Namun, aku yakin, tak hanya satu dari sekian ribu lelaki pecinta Al-Qur’an
mencintainya. Mencintai karena Allah.
“jika kau mencintainya. Aku rela.” Ucapku padanya.
“aku tidak mencintainya, kau berbahagialah dengannya. Aku
akan mengambil beasiswaku di Mesir yang belakangan aku terima.”
“kau yakin? Bahkan kau tak mengatakan padaku bahwa kau akan
pergi ke Mesir”
“bukankah aku telah mengajakmu? Namun, kau tak mau,
cita-citamu dan cita-citaku berbeda. Berusahalah menjadi pelukis hebat. Aku
akan membantumu mendistribusikannya di Mesir” ia tertawa sejenak. Diam.
Membayangkan cita-citanya terwujud. Begitu manis saat terwujud. Aku mengangguk
setuju.
*****
“dimana dia? Apakah dia melupakan hari bahagiaku?” ucapku
pada Ibu tentunya dengan bahasa isyarat. Yah, hari ini aku dan Rizqi akan
menikah. Tazkiyah. Dia benar-benar tinggal jauh dariku. Mesir. Cita-citanya
sejak dulu. Dia telah berhasil mengkhatamkan Al-Qur’an. Tepatnya menghafalkannya
sampai tuntas. Aku? Masih tetap seperti yang dulu. Tak adayang berubah. Dia
benar-benar membuktikan mantranya memang kata penguat terbaik untuknya.
Membuatnya tak pernah menyerah menghadapi cobaan yang pernah terjadi saat ia
pertama menginjakkan kakinya di Mesir.
“aku tertipu. Aku tak benar-benar mendapatkan beasiswa itu.”
Masih kuingat kata-katanya saat aku menerima telepon darinya. Di detik saat ia
akan pergi ke Mesir. Tabungan yang ia rawat sejak jenjang SMP ludes. Dia
tertipu. Dia mengirimkan fotocopy rekening, dan entah, sindikat hecker itu
memang sangat cerdas. Aku prihatin padanya. Namun keteguhannya tak menyurutkan
semangatnya. Ia mencari beasiswa ke Mesir. Al-Azhar. Dan berhasil. Mungkin
benar, tuhan selalu menguji kita untuk menjadikan kita pribadi yang lebih
hebat.
Dari jauh kulihat seseorang yang sangat ku kenal. Tazkiyah.
Dia benar-benar datang. Saudara kembar yang aku sanjung-sanjung semangatnya.

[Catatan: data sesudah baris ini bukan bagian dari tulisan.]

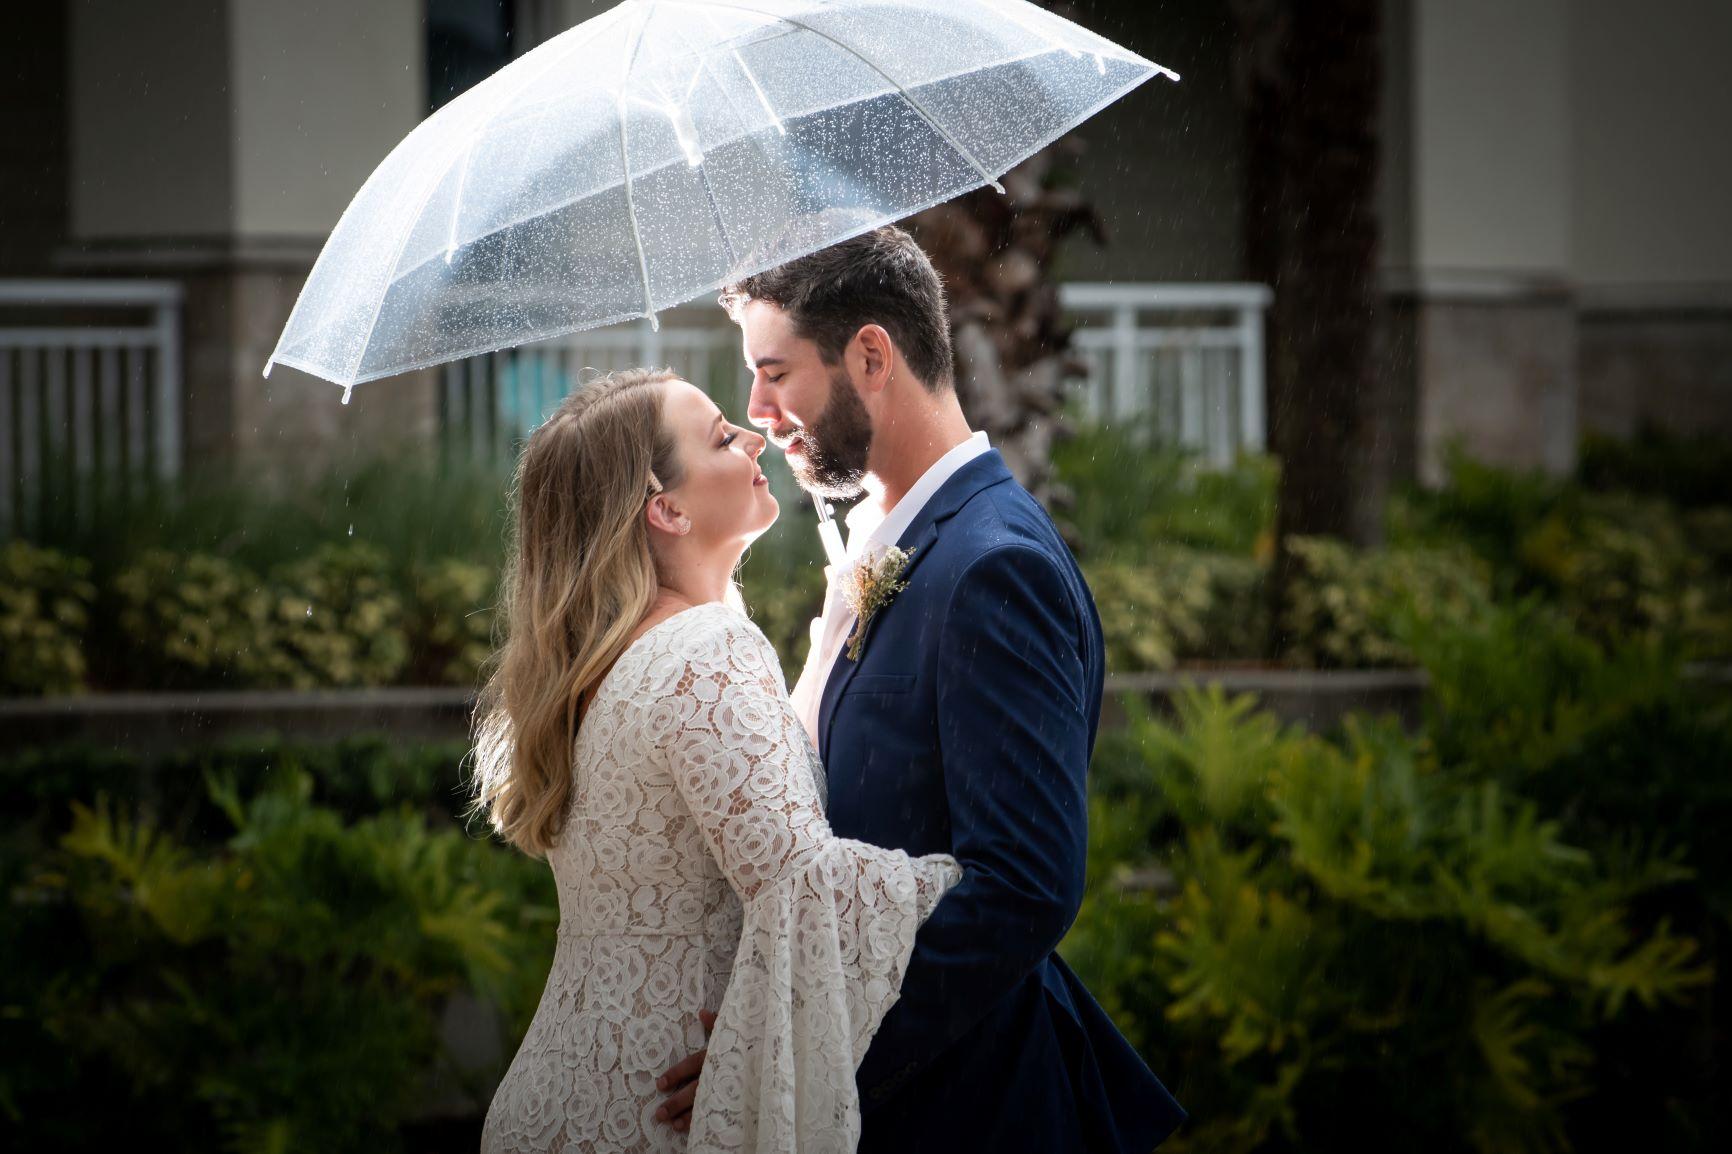 Rainy Day Wedding | Lindsey and Jon at Margaritaville Resort

Aku melihat Rizqi menghampirinya, emngulurkan tangan untuk bersalaman. Tazkiyah
justru menelungkupkan tangannya. Dia, memang benar-benar menjadikan dirinya
lebih baik. Aura itu tak pernah hilang dari wajahnya. Aura yang dulu
dikombinasikan dengan kulit coklat, sekarang ia berhasil mengkombinasikannya
dengan kulit putih berseri.
“kakak, kau cantik sekali. Eits, Assalamualaikum” ucapnya
yang baru tersadar bahwa ia belum mengucapkan salam padaku. Kebiasaan itu tak
pernah hilang. Tergesa-gesa saat mendapat kebahagiaan.